Además, la liturgia es fuente de toda actividad misionera, y sobre todo de todo fruto
misionero. La glorificación de Dios en Cristo, la conversión de los hombres y su
santificación "se obtiene con la máxima eficacia" por medio de la liturgia, y sobre todo por
medio de la eucaristía, porque aquí se encuentra la fuente de la gracia (SC 10). No
podemos olvidar que Cristo, el apóstol, el enviado del Padre, está presente en las acciones
litúrgicas para continuar su obra salvífica universal: "Para realizar una obra tan grande,
Cristo está siempre presente a su iglesia sobre todo en la acción litúrgica" (SC 7). Después
de la ascensión al cielo, Cristo no ha olvidado su obra ni la ha dejado sólo en las manos de
la iglesia. El permanece siempre con nosotros, y con nosotros realiza hoy la salvación. De
esta inserción en Cristo misionero y salvador, a través de la liturgia y concretamente a
través de los sacramentos, brota el derecho y el deber de todo cristiano al trabajo misionero
(Cf. AG 36).

Finalmente hay que seguir profundizando en el redescubrimiento de la dimensión


misionera de la liturgia. Puesto que hasta ahora la liturgia se ha contemplado y vivido más
bien como un hecho cultual. No se ha advertido su dimensión misionera.
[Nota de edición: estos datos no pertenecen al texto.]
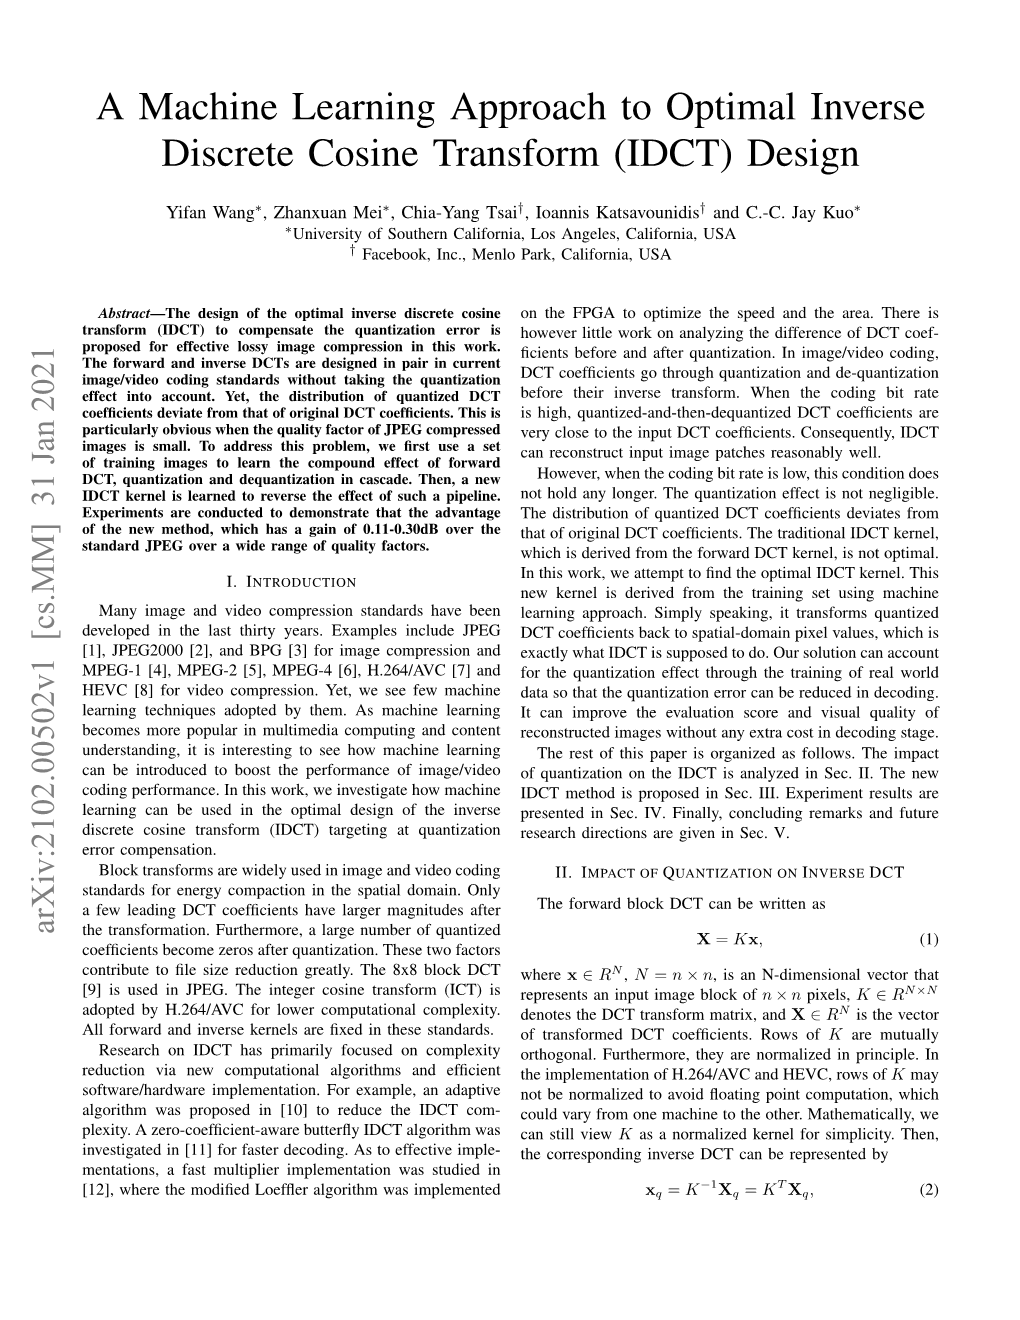 A Machine Learning Approach to Optimal Inverse Discrete Cosine Transform (IDCT) Design

Se debe seguir adelante en los temas de inculturación de la liturgia en el genio propio de


cada pueblo y la tarea de traducir los textos a las lenguas propias de cada cultura, que ahora
recae directamente en las Conferencias Episcopales.
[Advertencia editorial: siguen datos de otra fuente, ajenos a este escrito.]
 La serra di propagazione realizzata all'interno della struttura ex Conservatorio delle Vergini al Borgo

La liturgia en las misiones debe cobrar un carácter creativo, fruto de su íntima relación con
el Espíritu Santo. La creatividad no se opone a la uniformidad sustancial y a cierto orden,
que debe ser determinado por la jerarquía. Habrá siempre una puerta abierta para que la
estructura de la celebración responda mejor a la naturaleza profunda de aquello que la
celebración misma proclama y obra.
En fin, la liturgia debe actualizar el misterio de Cristo no sólo en los ritos, sino también en la vida,
y así debe volver al centro de la vida cristiana y de cada comunidad. La liturgia no puede quedar
ausente de la vida del neoconverso y de la nueva iglesia todavía en vías de desarrollo y expansión.